Miranda Rachelle Maverick (born July 1, 1997) is an American mixed martial artist who competes in the Flyweight division of the Ultimate Fighting Championship (UFC). She competed in Flyweight division of the Invicta Fighting Championships.

Background 
Maverick was born in Tunas, Missouri. She grew up working on her family farm moving around many states in the Midwest and Southern United States, earning her the strength that she is known for within the martial arts community. She started grappling when she was sixteen after encouragement by her father while watching Ronda Rousey fight on the television. She also joined her high school wrestling team at Buffalo High School in Buffalo, Missouri her senior year and competed on the men's varsity team until discovering that she would not be going to college for wrestling. She then stopped to focus on wrestling, instead turning her sights on MMA soon after she graduated high school.
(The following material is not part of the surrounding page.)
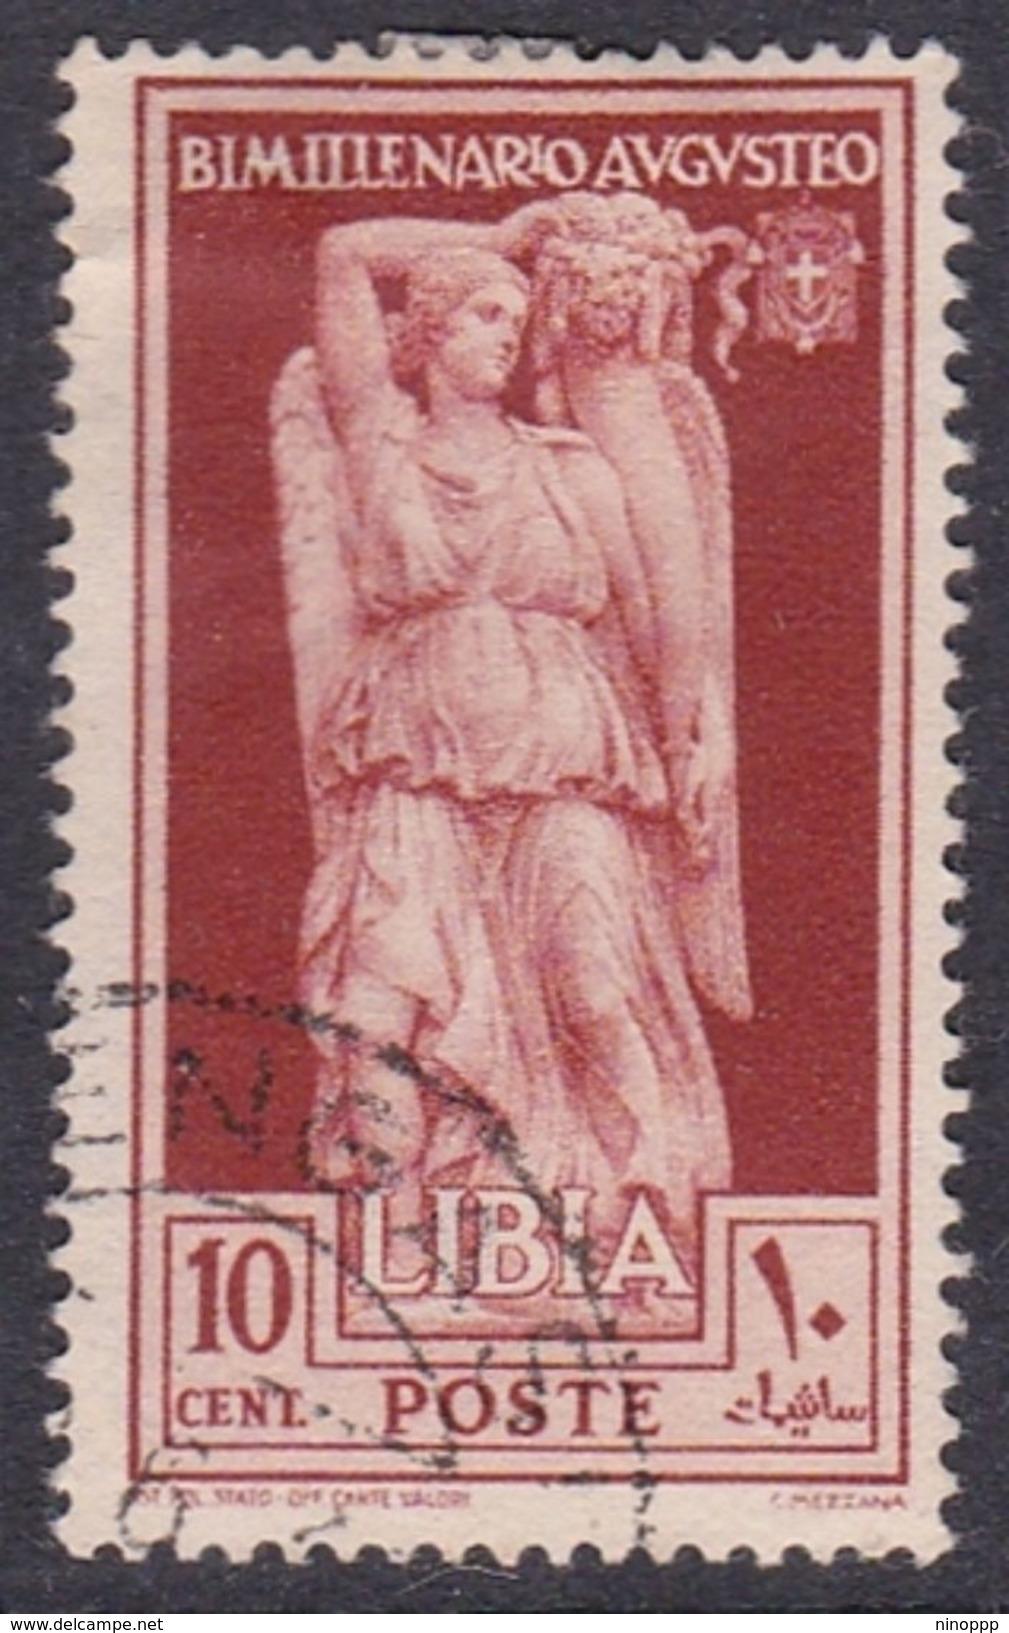 Italy-Colonies And Territories-Libya S 153 1938 Augustus Birth Bimillenary,10c Red Brown,used - Libya

Despite concentrating in mixed martial arts, Maverick graduated with honors from Drury University, majoring in psychology and sociology in 2018. Maverick then relocated to Norfolk, VA to pursue a PhD in Industrial/Organizational Psychology at Old Dominion University.

Mixed martial arts career

Early career 
Maverick started her amateur career in 2015, fighting under Kansas City Fighting Alliance, ShoFight, and The Blue Corner promotions. She amassed a record of 7–1, winning the Blue Corner and Shofight flyweight championships all while 18 years old, being listed as the number one amateur woman in her region on Tapology at the time she went pro. After her final amateur win, she was soon contacted by President Shannon Knapp of Invicta Fighting Championships.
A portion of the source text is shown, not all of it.